A Celebrated French Writer’s Attack on Conventional Language, Conventional Morality, and Jews https://mosaicmagazine.com/picks/arts-culture/2022/07/a-celebrated-french-writers-attack-on-conventional-language-conventional-morality-and-jews/

July 1, 2022 | David Pryce-Jones
About the author: David Pryce-Jones, the British novelist and political analyst, is the author of, among other books, The Closed Circle: An Interpretation of the Arabs and Betrayal: France, the Arabs, and the Jews.

In 2019, under murky circumstances, someone discovered thousands of pages of lost writings of the French author Louis-Ferdinand Destouches, better known as Céline, who died in 1961. Among them is a previously unknown World War I novel, which has been published by the preeminent French publisher Gallimard under the title Guerre, to critical acclaim. David Pryce-Jones reviews the novel, and discusses some uncomfortable facts:

Journey to the End of the Night (1932) and Death on Credit (1936) are the novels that have given Céline the status of master, and their disregard for the conventional rules in writing French is absolute. Playing fast and loose with grammar, vocabulary, punctuation, and the use of the three dots of an ellipsis, taking whatever risks might serve his purpose and dispensing with anything like good manners towards the reader, he succeeded in destroying the classical language. One of the central props of civilization had been done away with.

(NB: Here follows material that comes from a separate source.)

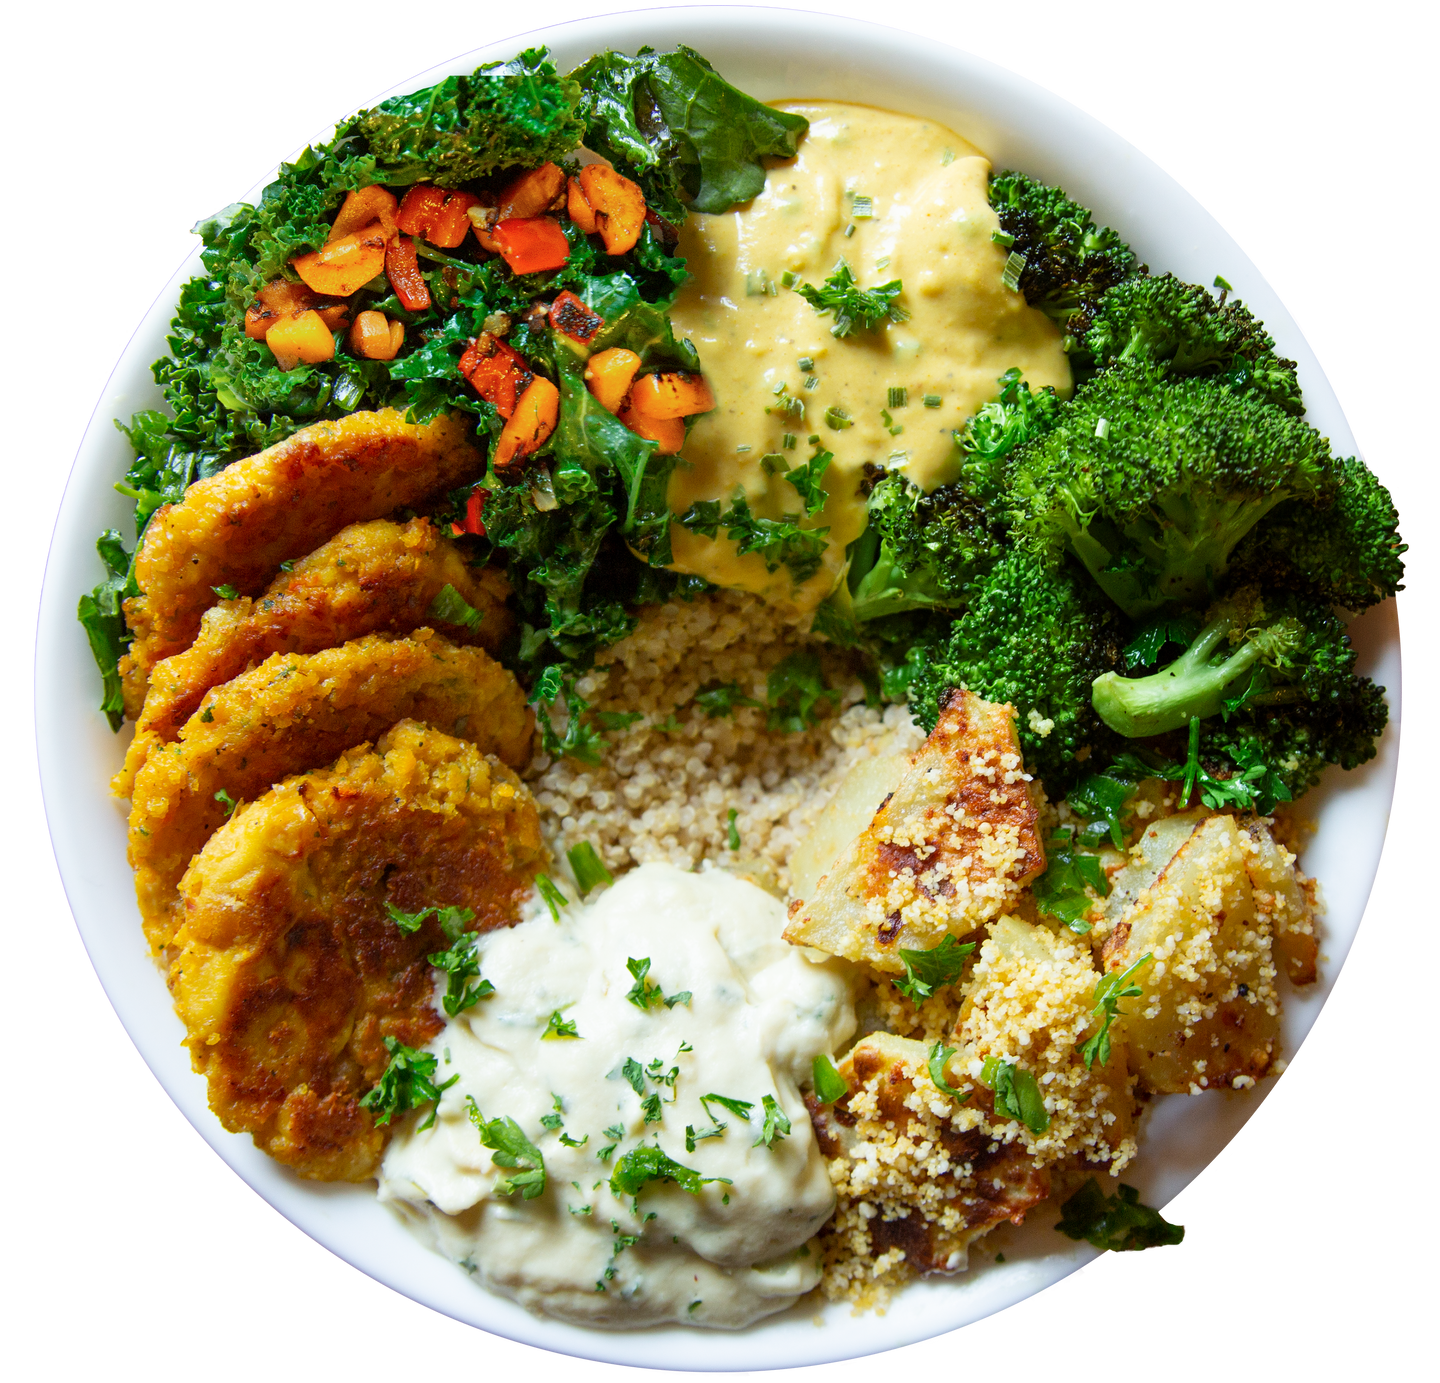 Plant-based, vegan, vegetarian Cheesy Broccoli Bowl meal prep in Des Moines, Iowa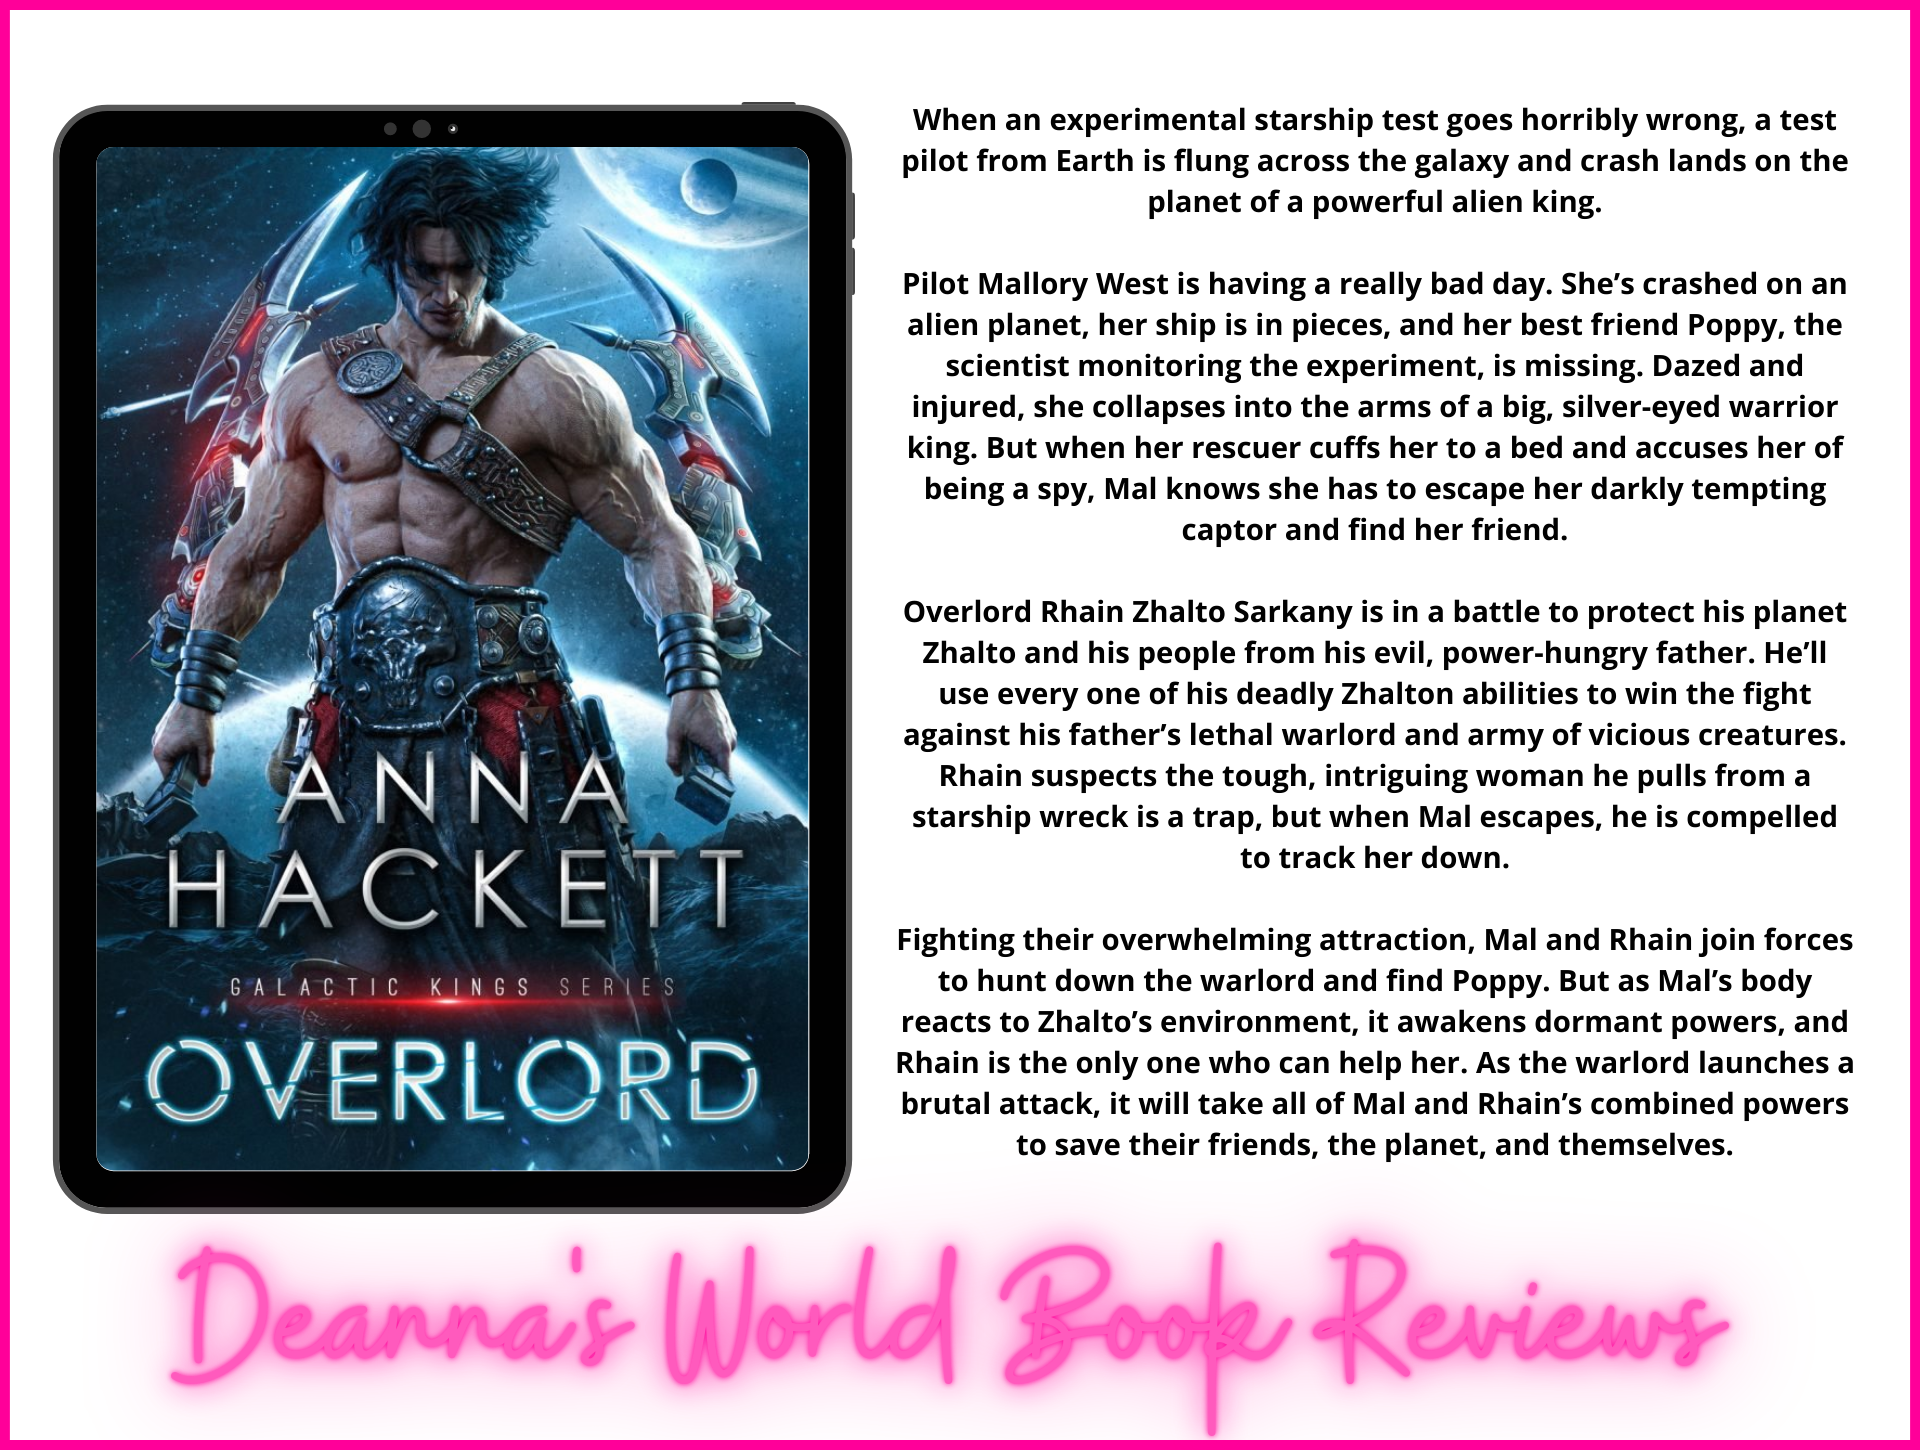 Overlord by Anna Hackett blurb

The promotion of Guerre is silent about the three polemics Céline wrote between 1937 and 1941. Bagatelles pour un massacre, L’École des cadavres, and Les beaux draps are an inescapable feature of the time when Hitler was conquering Europe. Céline was now destroying conventional morality with the same eager fanatical spirit that motivated the working of his mind. He became the personification of the contempt that Nazis felt for the normal world. Gloating over the persecution and mass murder of Jews, he could write, “There is only one anti-Jewish force in this world, only one real pacifist force: the German army.”

Returning to France after the war, General de Gaulle was reluctant to punish French collaborators and said that poets ought not to be shot. . . . Once back home in Paris, Céline showed no remorse. His literary reputation has obscured the hatred he felt for humanity, a hatred so deep that it makes a virtue out of mass murder. Those 80,000 copies of Guerre are part of the discussion that has been going on since the country’s wartime collapse about what it means to be French. Unhappy is the nation that can still make a great man out of Céline.